Note that the "manmade catastrophe" and "breakdown" are linked only to the response to the flooding of New Orleans, not the cause, as if this intelligent, well-informed man is unaware that two separate, independent forensic engineering investigations of the disaster, conducted over a period of a year or more, agreed on this conclusion (in the words of UC Berkeley's ILIT report): the flooding of New Orleans was "the greatest man-made engineering catastrophe since Chernobyl".

Chernobyl. That word would surely have gotten this intelligent, well-informed man's attention, had he only been residing on Earth these last few years.

But the remarks, tapped out on the auto-sinceratron that Presidents now routinely use for such occasion, went on:

"I saw the sense of purpose people felt after the storm". The "storm" ravaged the Mississippi Gulf Coast and south Louisiana. As for New Orleans, Prof. Ray Seed of UC Berkeley says that, had the "hurricane protection system" built with federal dollars by a federal agency over four and a half decades (and never completed) been done properly, all the city would have suffered during Katrina would have been "wet ankles".

Wet ankles. Like Chernobyl, not that hard to remember, even for an intelligent, well-informed man with, as commenters here have reminded me for nearly two years, so much on his plate.

More from Planet Zarg?

"We're also working to restore protective wetlands and natural barriers that were not only damaged by Katrina but had been rapidly disappearing for decades."

See, here on Earth, "working" would indicate the allocation of resources, the expenditure of serious funds, to deal with this slow-motion disaster. What the President requested in his 2011 budget for this work is $33 million, one-tenth of the money requested for ongoing cleanup of Great Lakes waters.

The President has left New Orleans now, once again, as last October, finding it inconvenient to spend more than a few hours here. Probably a good idea. He'll get a better night's sleep back on his home planet.
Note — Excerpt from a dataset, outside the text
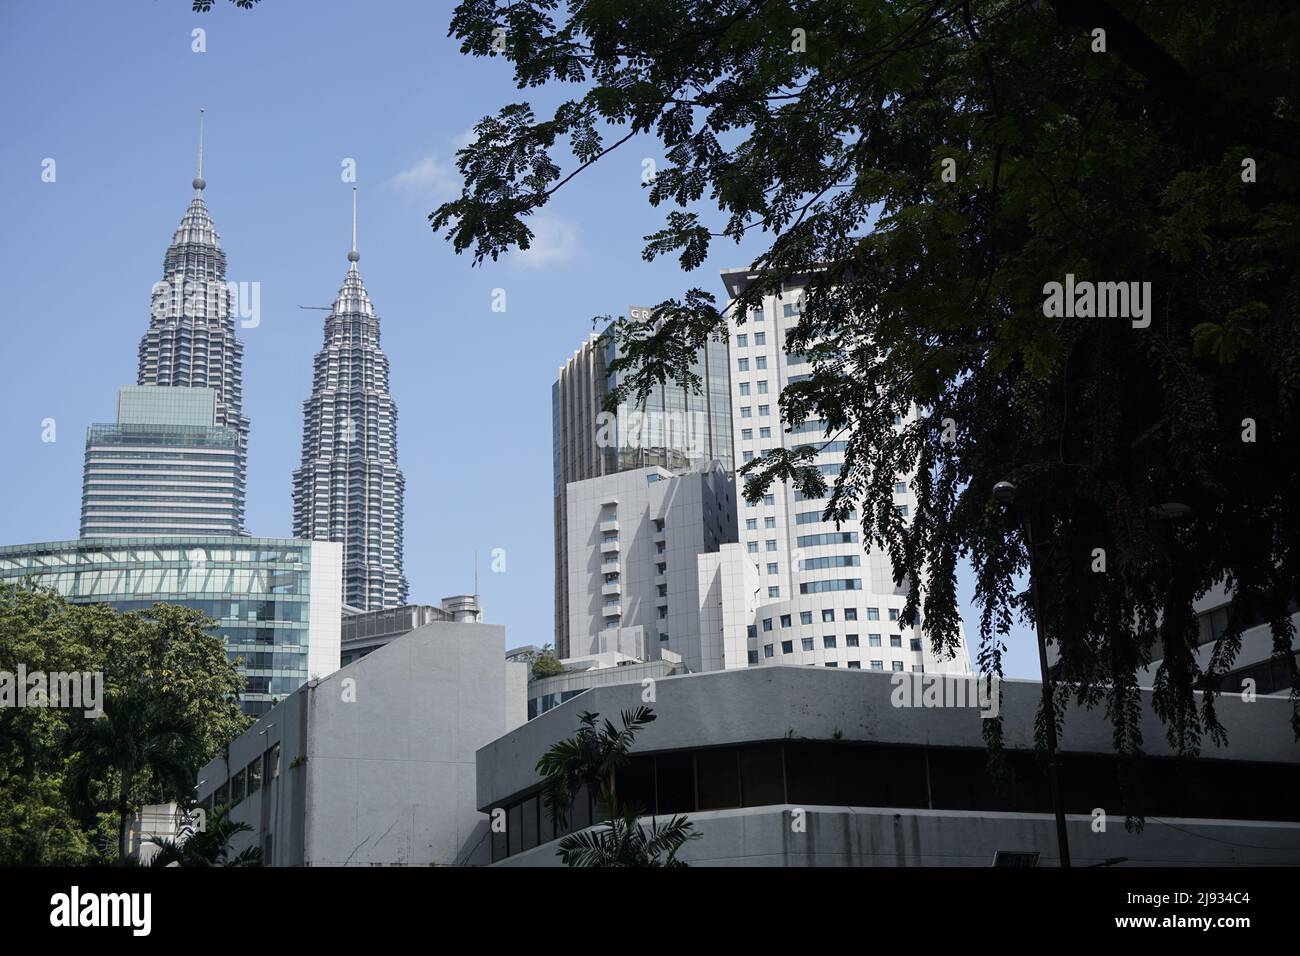 Petronas Twin Towers and office buildings in Kuala Lumpur, Malaysia Stock Photo

UPDATE TO COMMENTERS: Strangely enough, the Associated Press has the same interpretation of President Obama's semi-vague wording as I do. Right here:

Implicit in Obama's remarks was an indictment of sorts against former President George W. Bush's administration for its handling of the crisis. Obama called Katrina and its aftermath not just a natural disaster but "a manmade catastrophe - a shameful breakdown in government that left countless men, women and children abandoned and alone."